For any RBridge RBn, for each VLAN x, if RBn is in a distribution tree t used by traffic in VLAN x, there will be an entry of (t, x, port list) in the multicast forwarding table on RBn. Typically, each entry contains a distinct combination of (tree nickname, VLAN) as the lookup key. If there are n such trees and m such VLANs, the multicast forwarding table size on RBn is n*m entries. If an FGL is used [RFC7172] and/or finer pruning is used (for example, VLAN + multicast group address is used for pruning), the value of m increases. In the larger-scale data center, more trees would be necessary for purposes of better load-balancing; this results in an increased value for n. In either case, the number of table entries (i.e., n*m) will increase dramatically.
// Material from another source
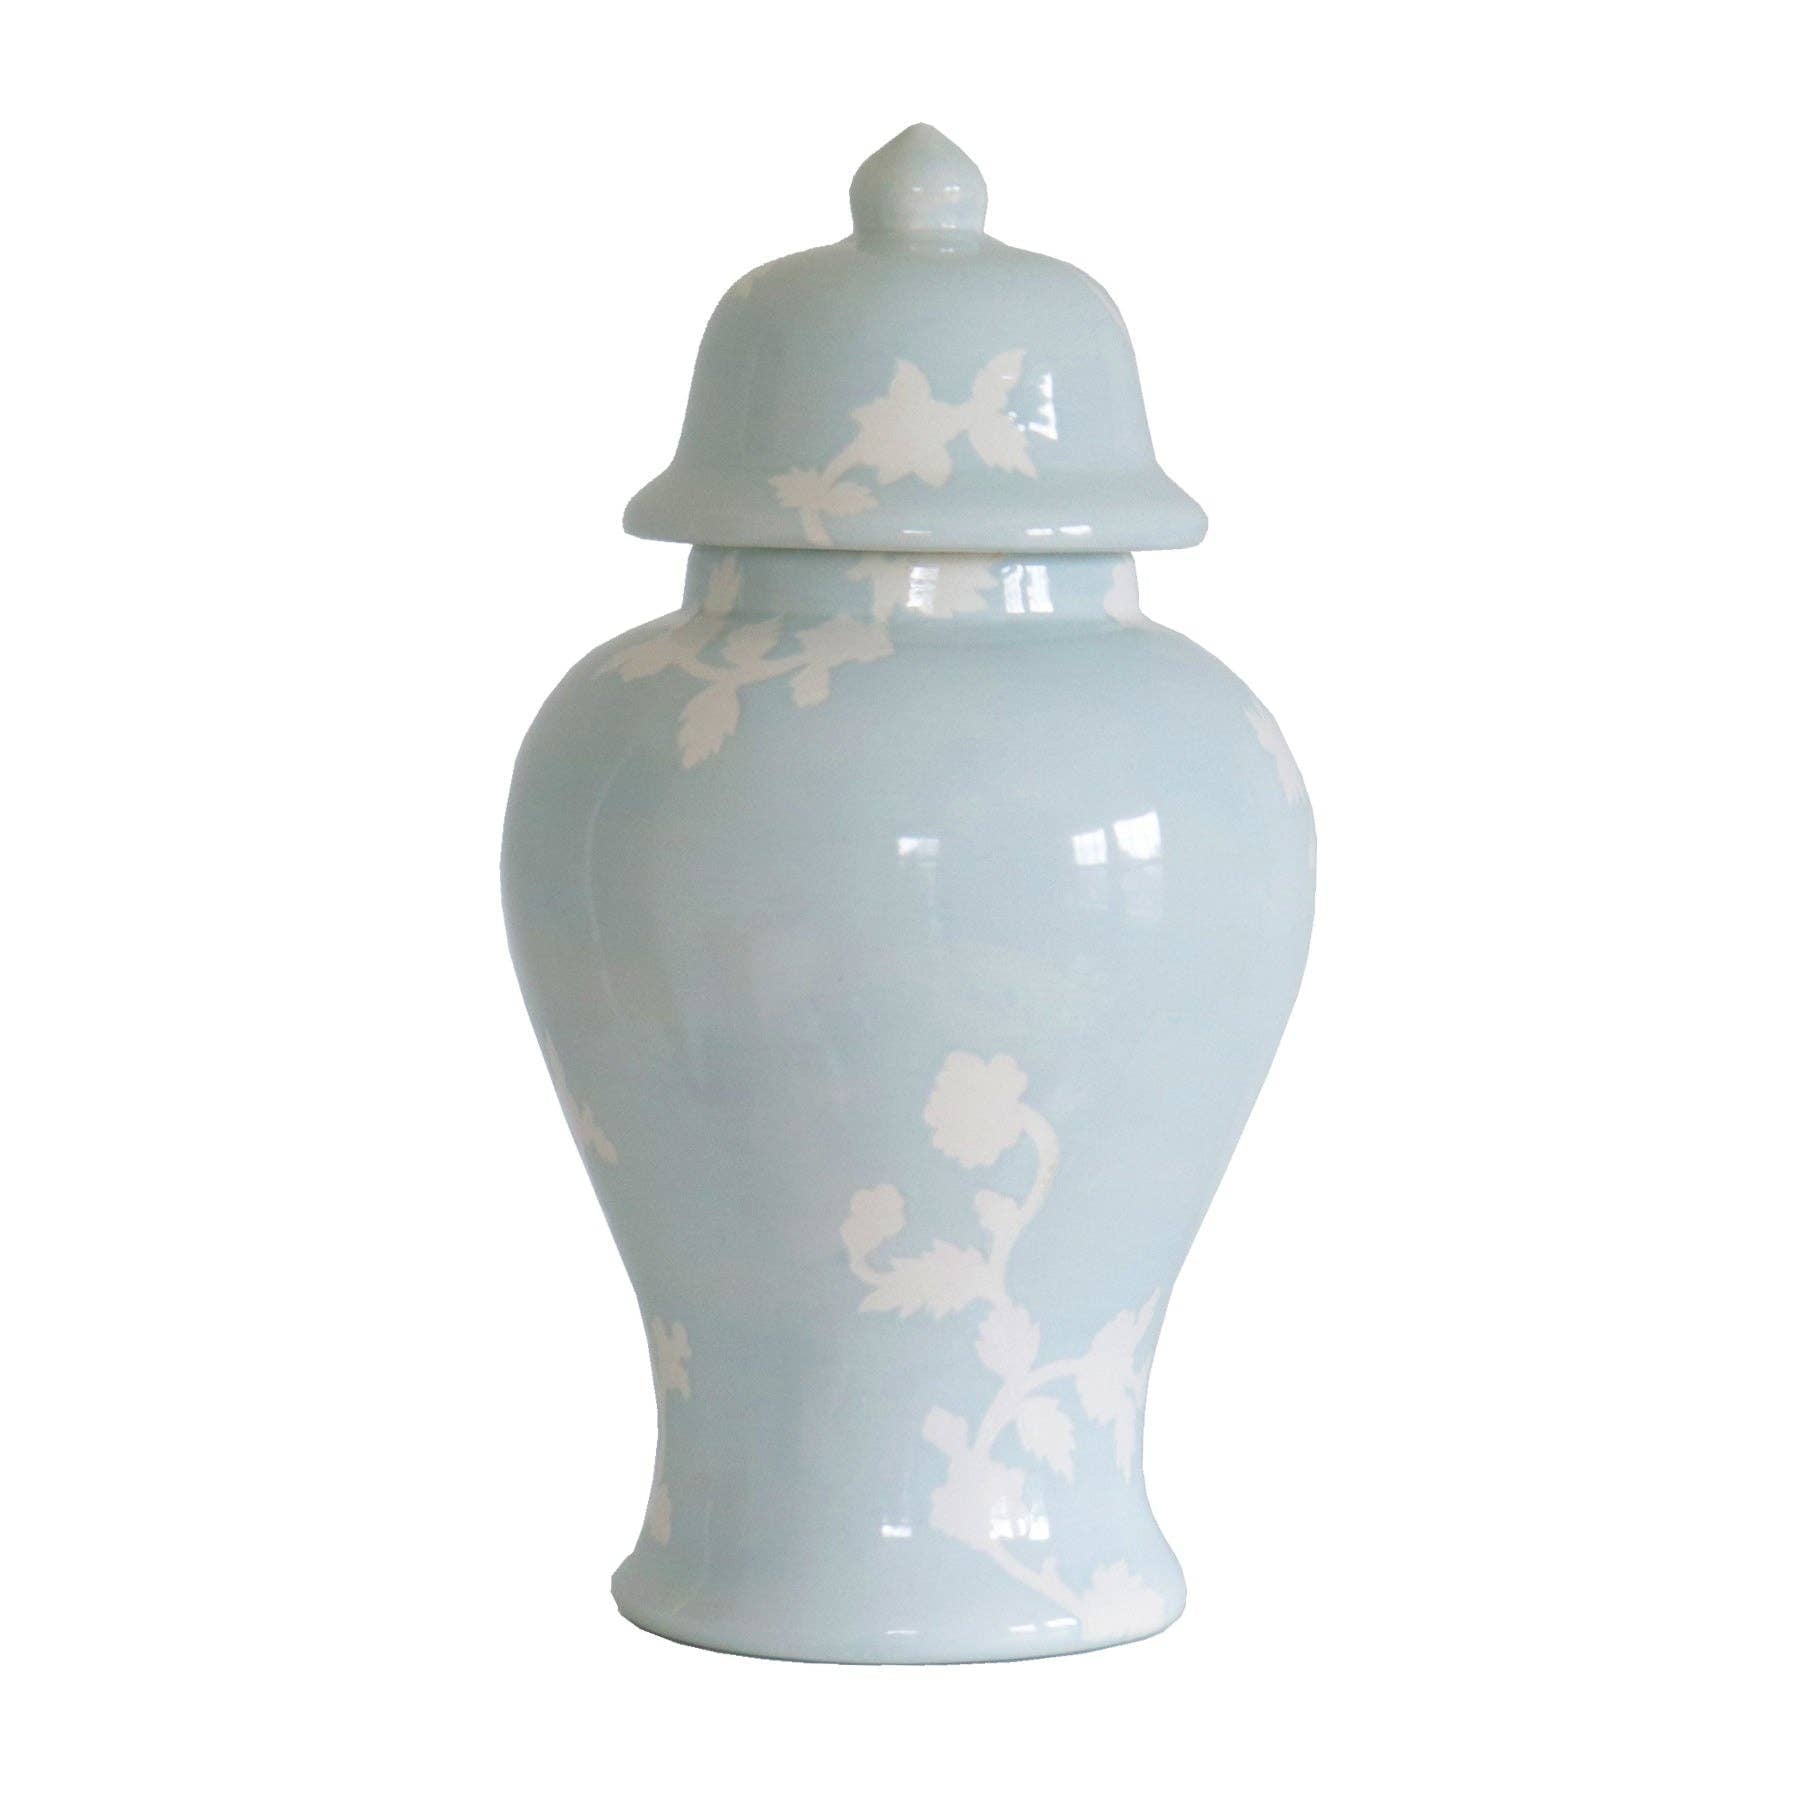 Chinoiserie Dreams Ginger Jar in Hydrangea Light Blue - Medium - The Preppy Bunny

对于任何RBridge RBn,对于每个VLAN x,如果RBn位于VLAN x中的流量使用的分发树t中,则RBn上的多播转发表中将有一个条目(t,x,端口列表)。通常,每个条目都包含一个不同的(树昵称,VLAN)组合作为查找键。如果有n个这样的树和m个这样的VLAN,则RBn上的多播转发表大小为n*m个条目。如果使用FGL[RFC7172]和/或使用更精细的修剪(例如,使用VLAN+多播组地址进行修剪),m的值将增加。在更大规模的数据中心中,为了更好地平衡负载,需要更多的树;这导致n的值增加。在任何一种情况下,表条目的数量(即n*m)都将显著增加。
The left-hand table in Figure 2 shows an example of the multicast forwarding table on RB11 in the Figure 1 topology, with two distribution trees in a campus using typical fast-path hardware.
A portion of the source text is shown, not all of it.